YOUR INSTRUCTIONS:
Without the images, repeat every line of the listing verbatim.

DATA PROVIDED:
↓↓↓

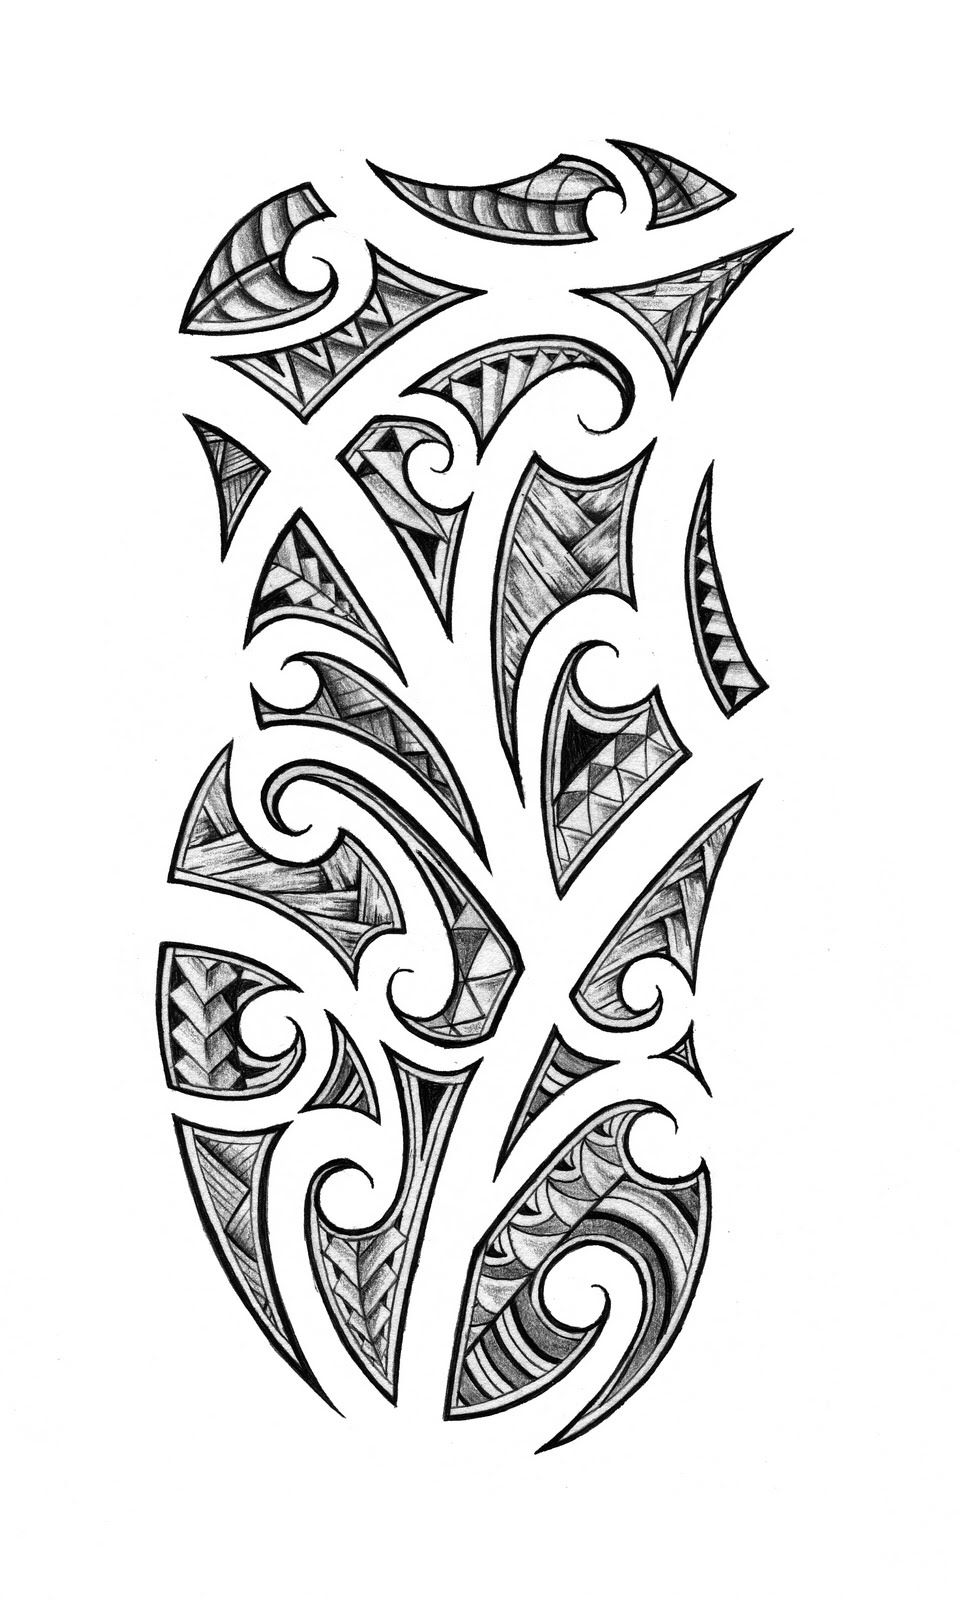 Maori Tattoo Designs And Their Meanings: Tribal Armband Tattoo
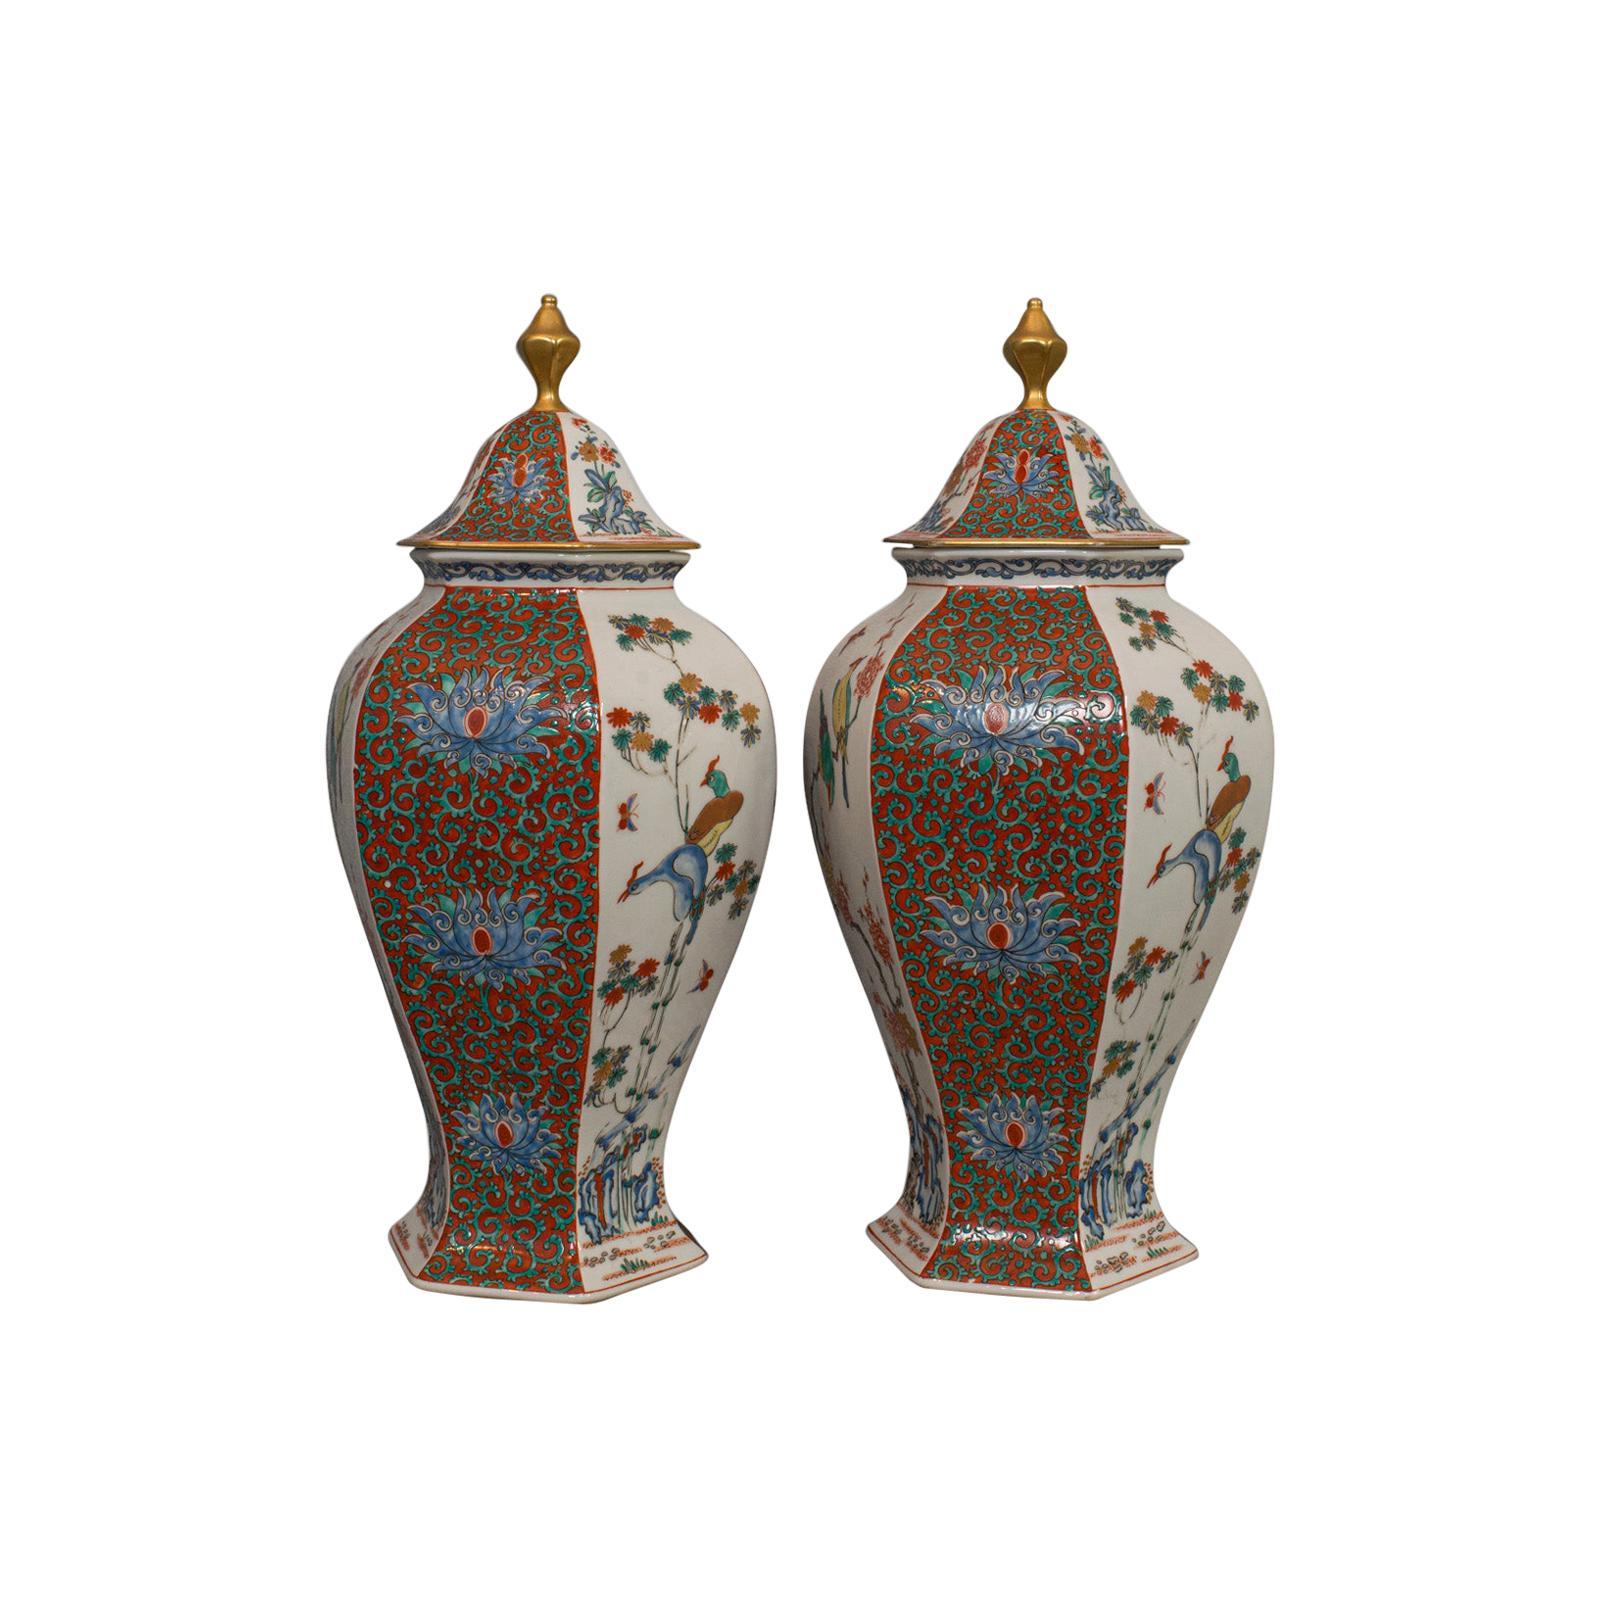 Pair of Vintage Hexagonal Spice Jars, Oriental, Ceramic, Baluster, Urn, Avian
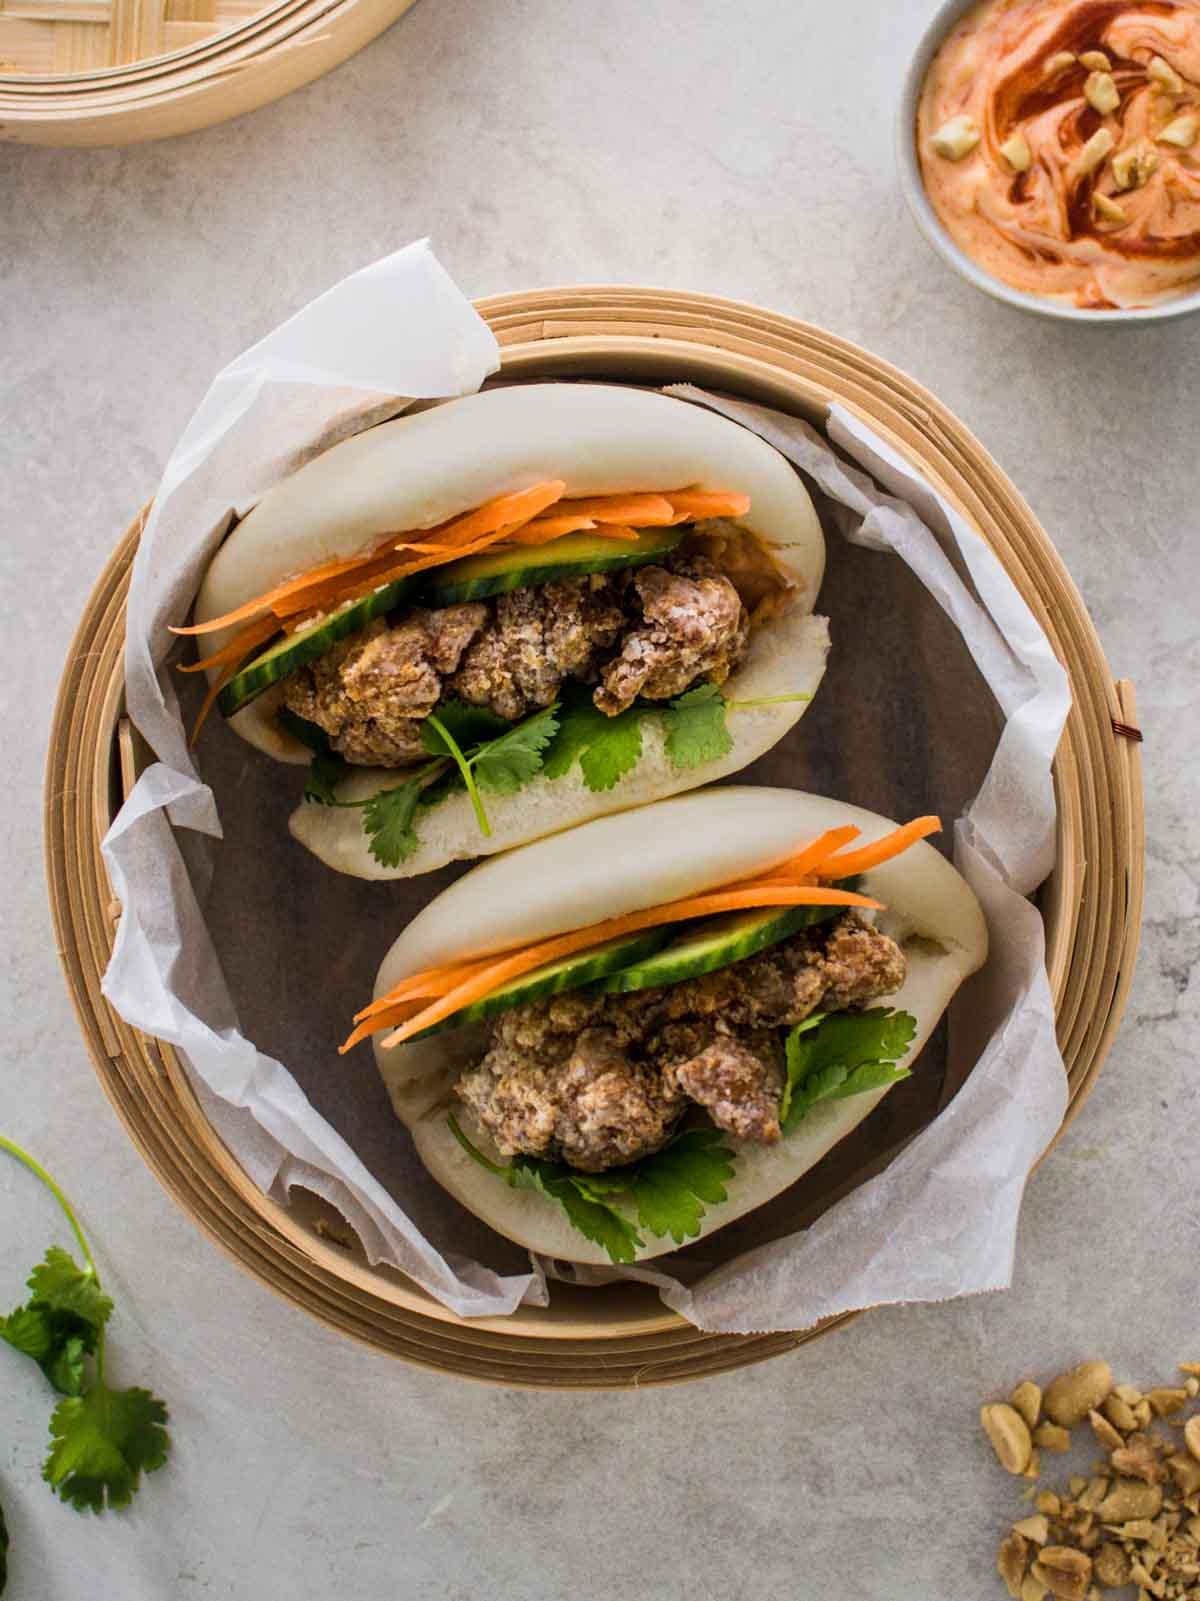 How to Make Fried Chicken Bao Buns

↑↑↑

EXERCISE OUTPUT:
 Maori Tattoo Designs And Their Meanings: Tribal Armband Tattoo
 Pair of Vintage Hexagonal Spice Jars, Oriental, Ceramic, Baluster, Urn, Avian
 How to Make Fried Chicken Bao Buns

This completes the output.